| What is expected |
Your copy of the listing should match it exactly, only without pictures.

| Data section |
━━━━━━━━━━

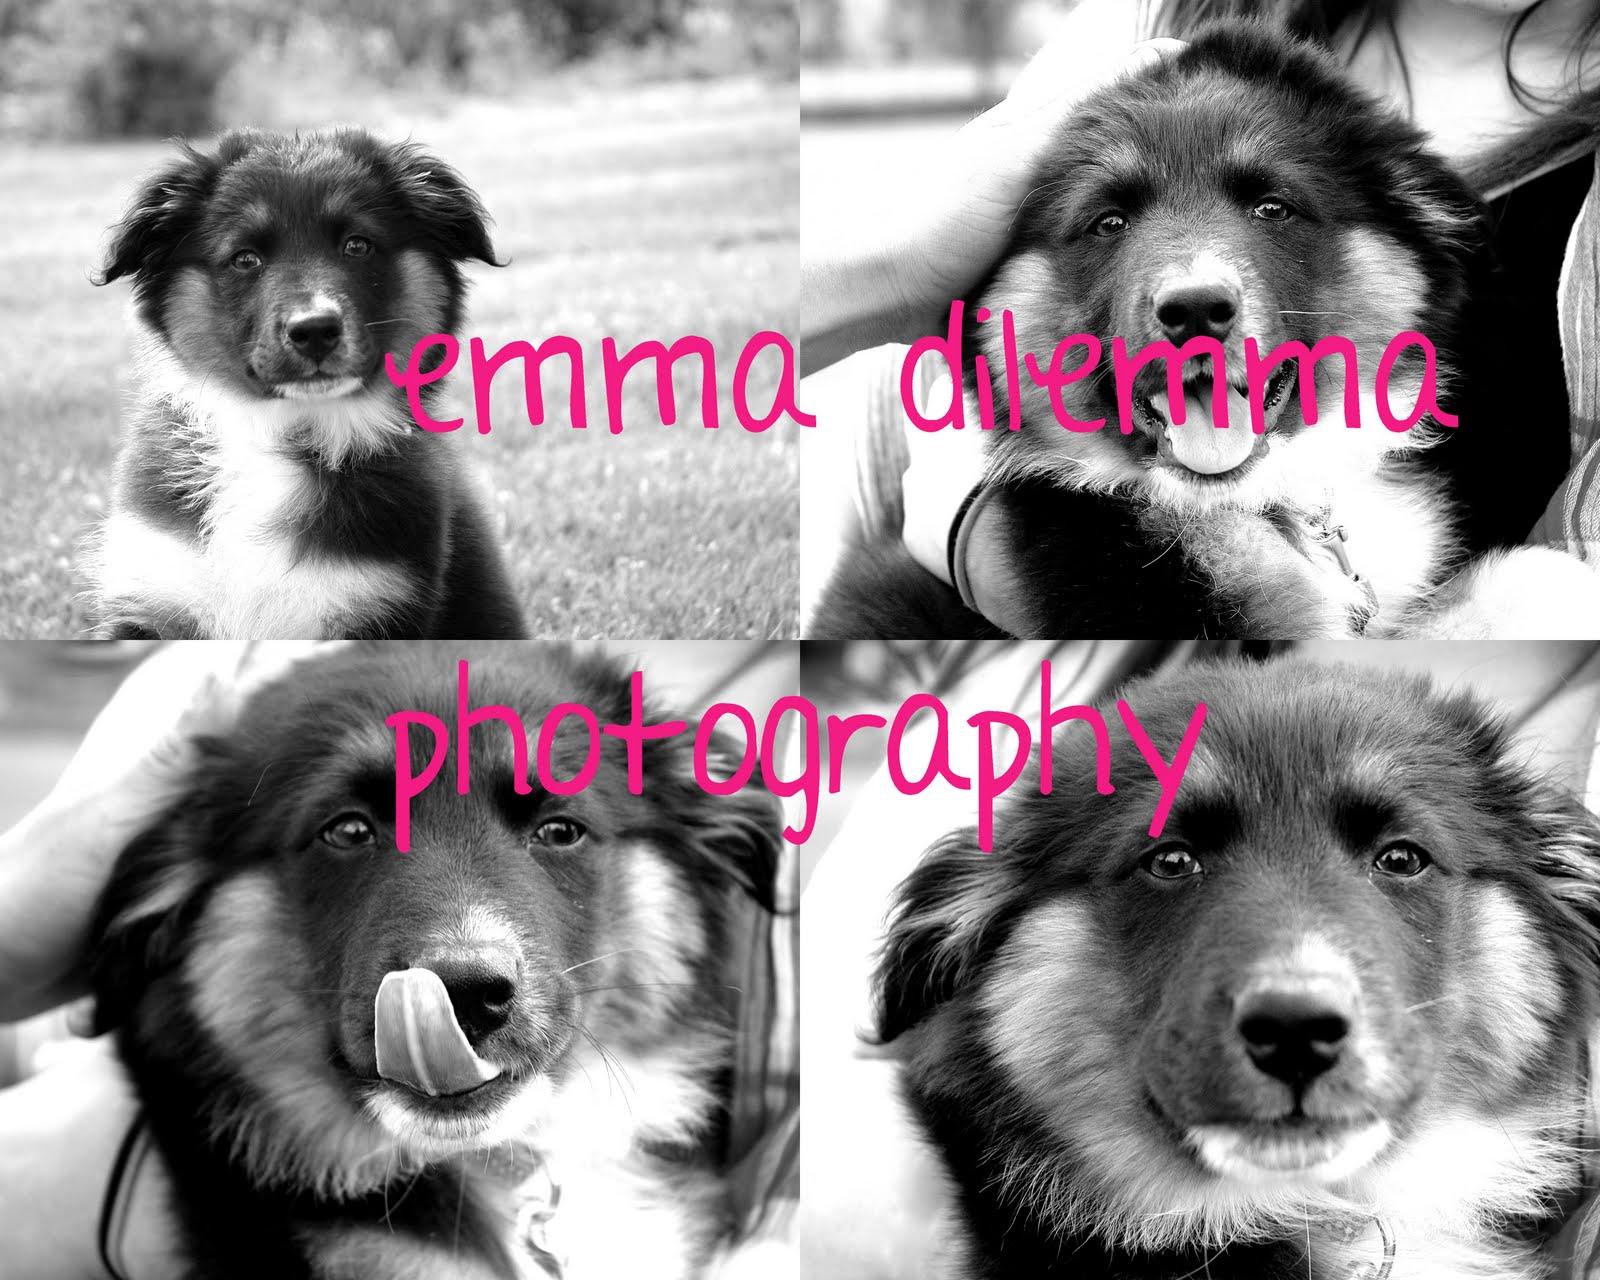 emma dilemma photography
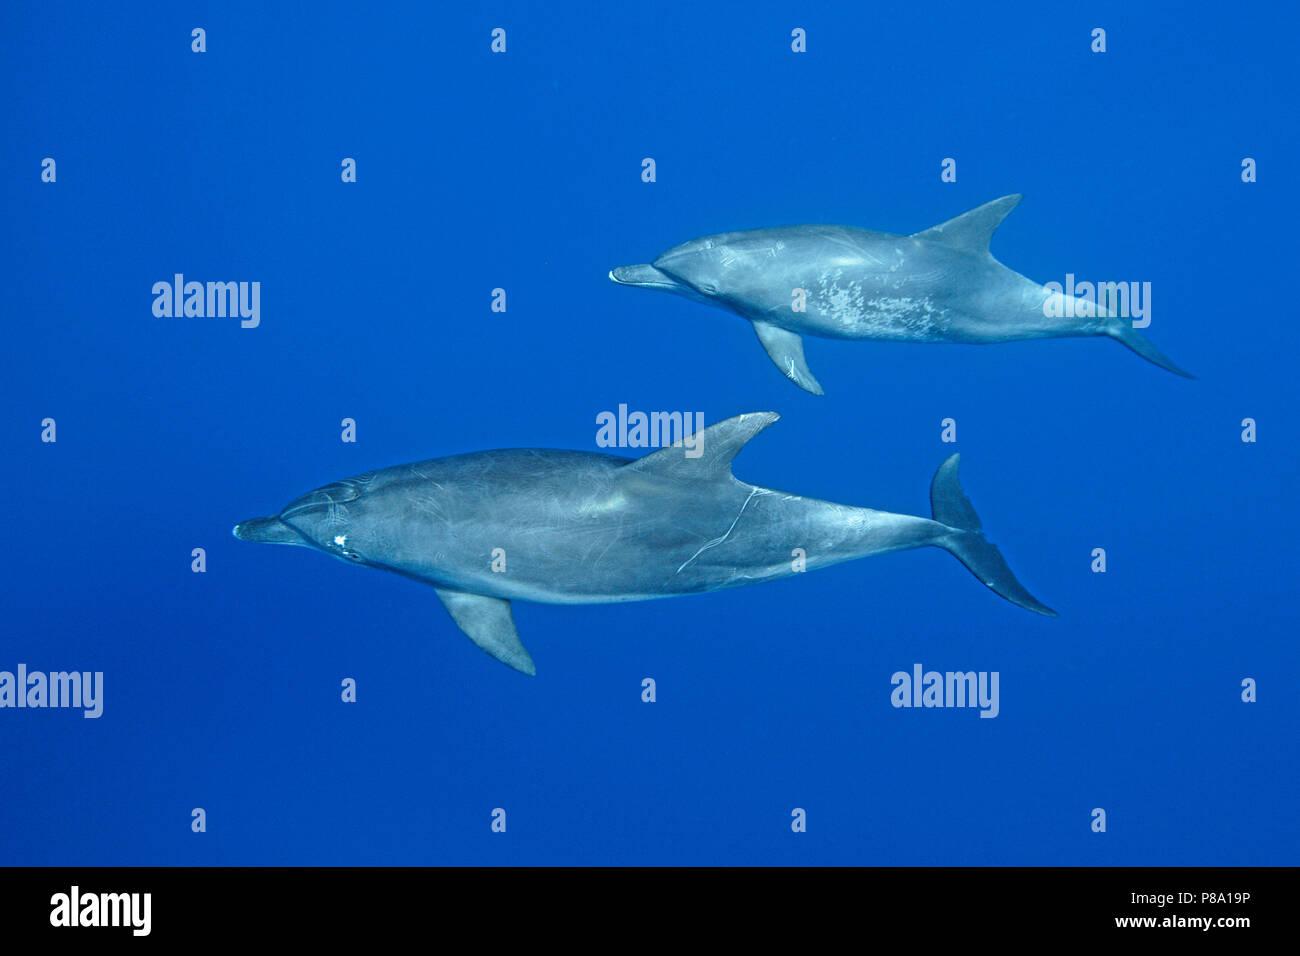 Indo-Pacific bottlenose dolphin (Tursiops aduncus), Pair, Ogasawara, Japan - Stock Image
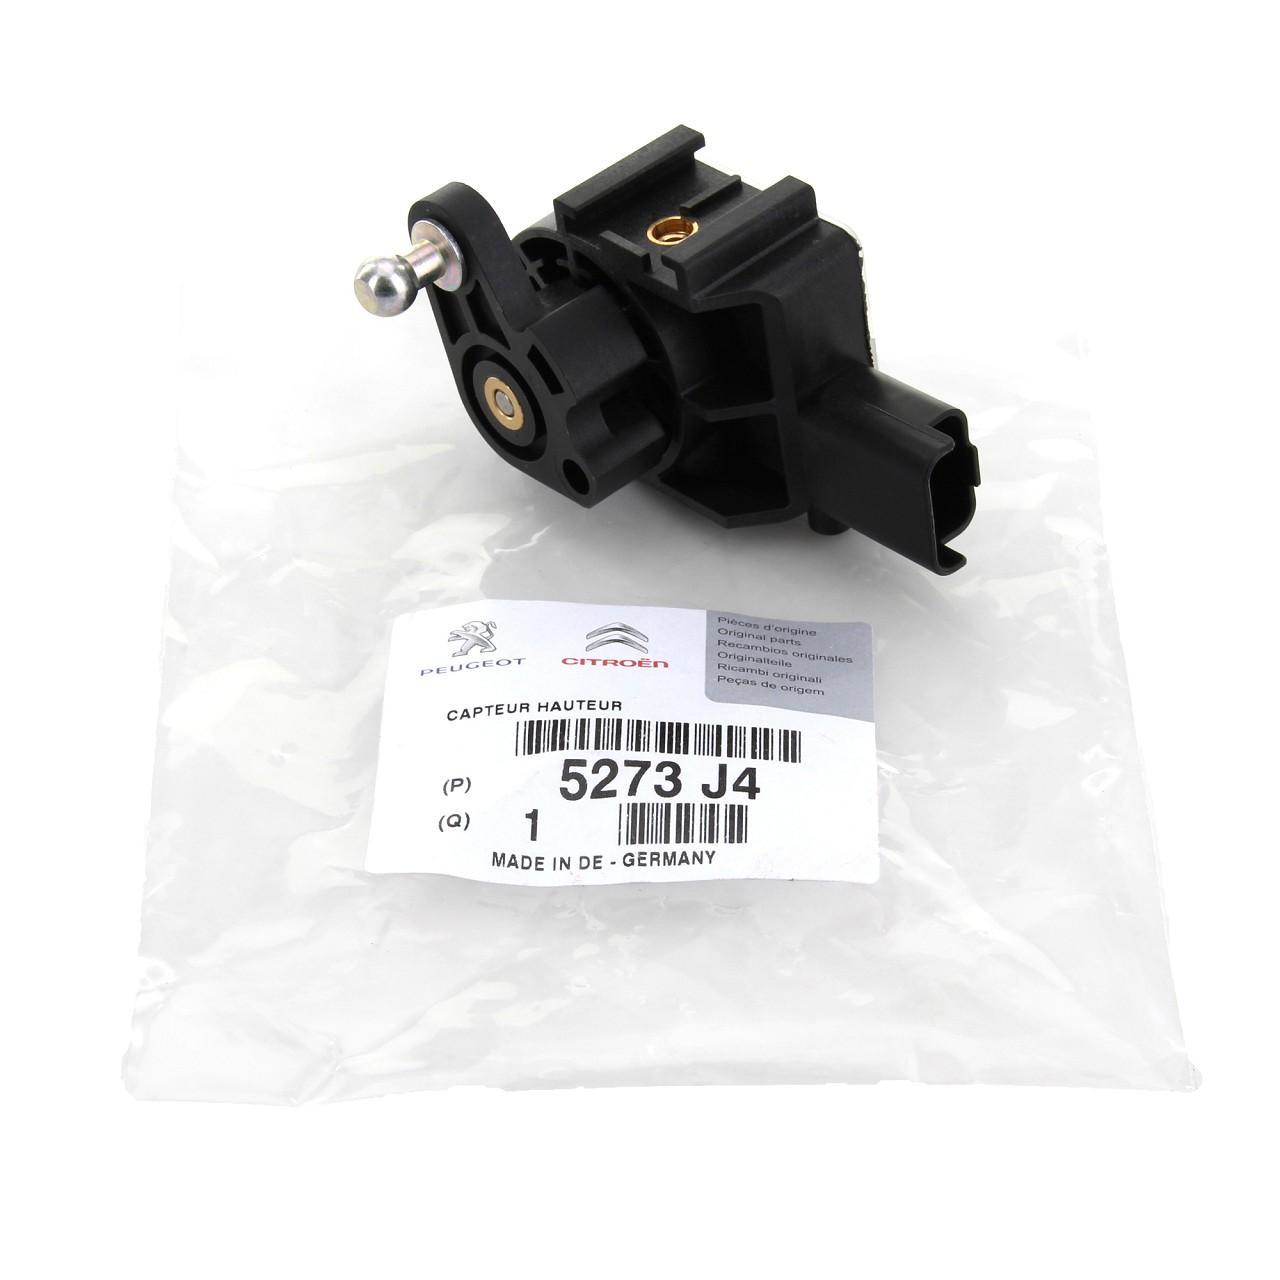 ORIGINAL Peugeot Sensor Leuchtweitenregulierung Höhenstandssensor 508 5273.J4

━━━━━━━━━━

| Solution for this problem |
 emma dilemma photography
 Indo-Pacific bottlenose dolphin (Tursiops aduncus), Pair, Ogasawara, Japan - Stock Image
 ORIGINAL Peugeot Sensor Leuchtweitenregulierung Höhenstandssensor 508 5273.J4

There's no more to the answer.